--- COLLECTED DATA ---
|---|

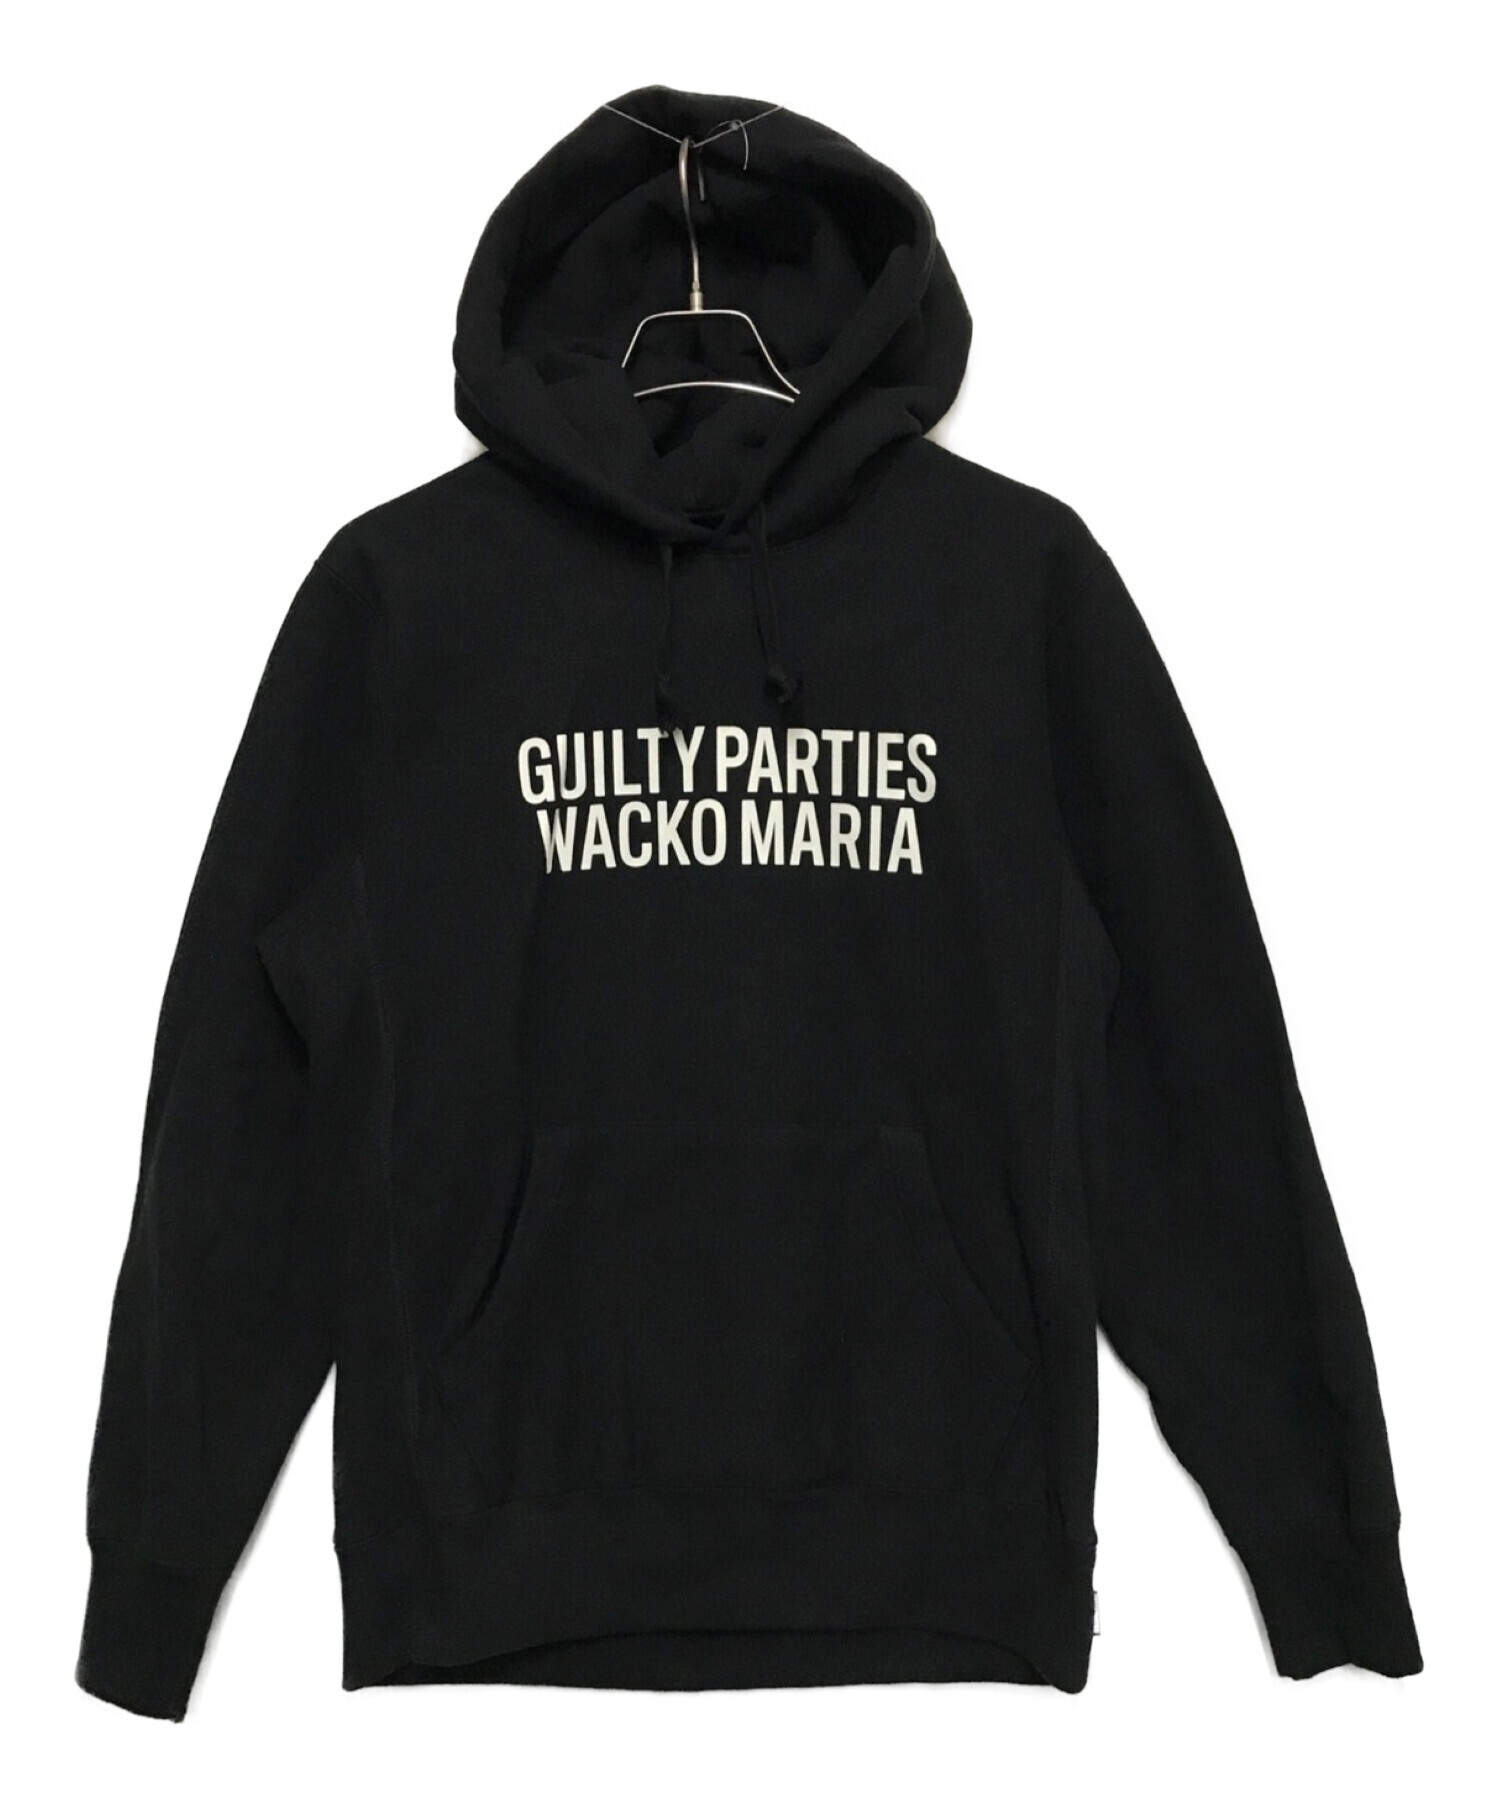 【新品未使用】WACKO MARIA Guilty Parties ロゴフーディ身幅約61cm
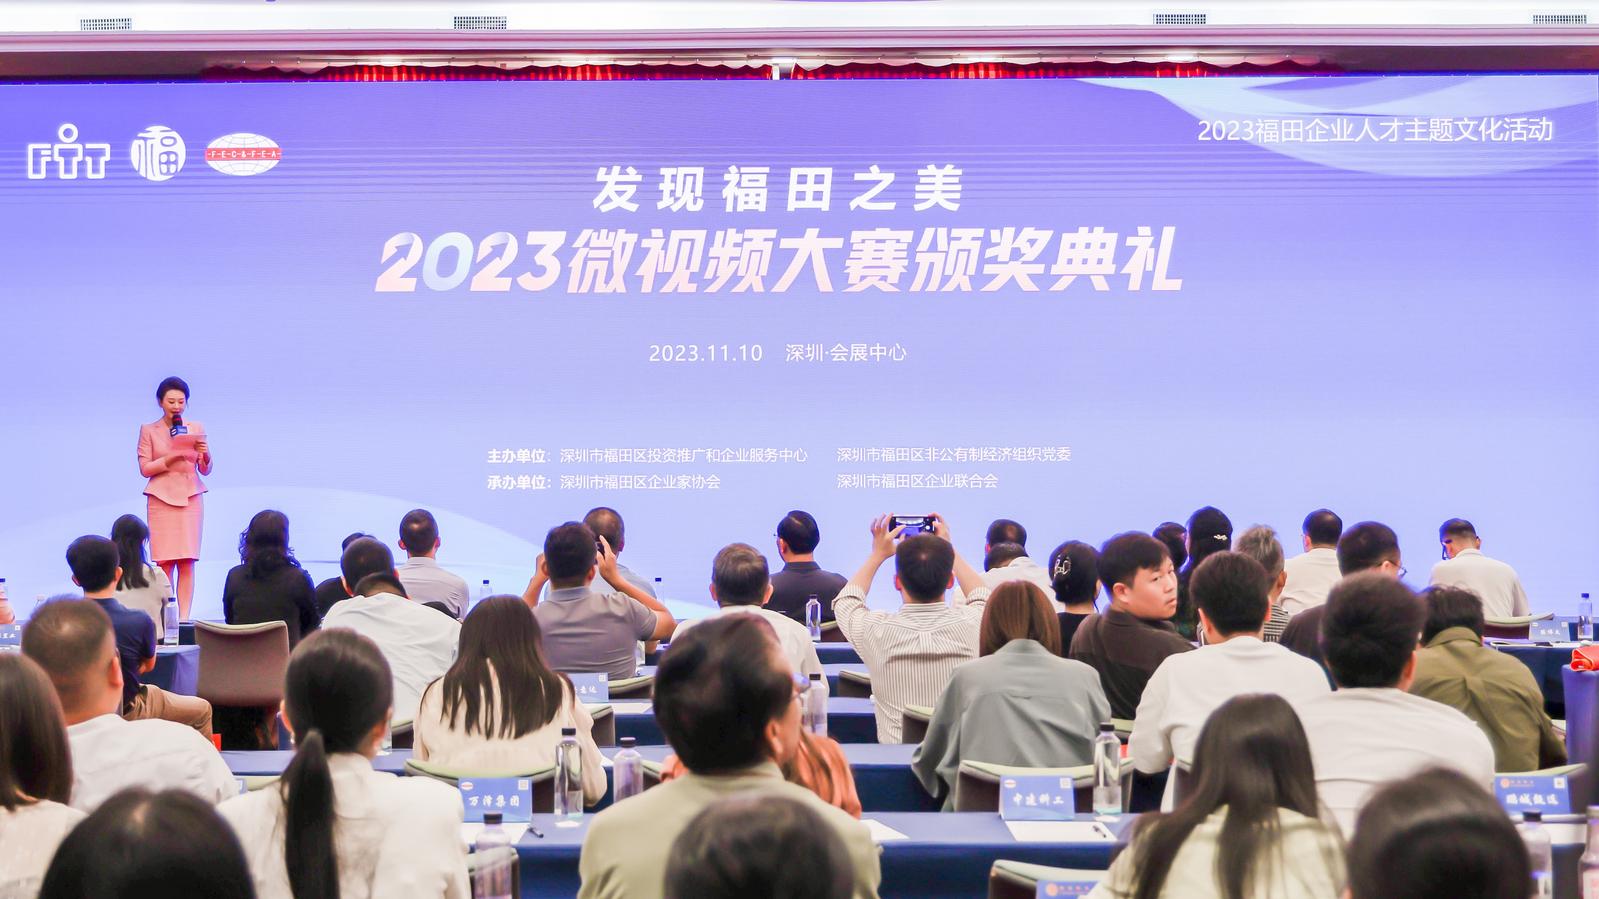 2023福田企业人才主题文化活动微视频大赛颁奖典礼成功举行
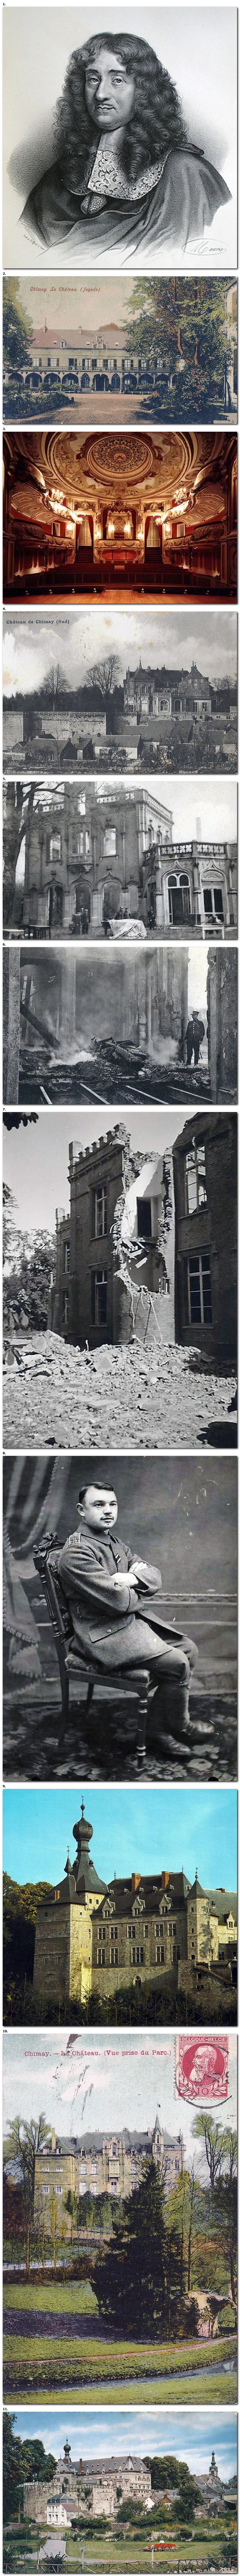 Les multiples destructions du Château de Chimay

|---|

--- REQUIRED ACTION ---
Copy out all of the listing word for word, but skip the images.

--- SOLUTION ---
 【新品未使用】WACKO MARIA Guilty Parties ロゴフーディ身幅約61cm
 2023福田企业人才主题文化活动微视频大赛颁奖典礼成功举行
 Les multiples destructions du Château de Chimay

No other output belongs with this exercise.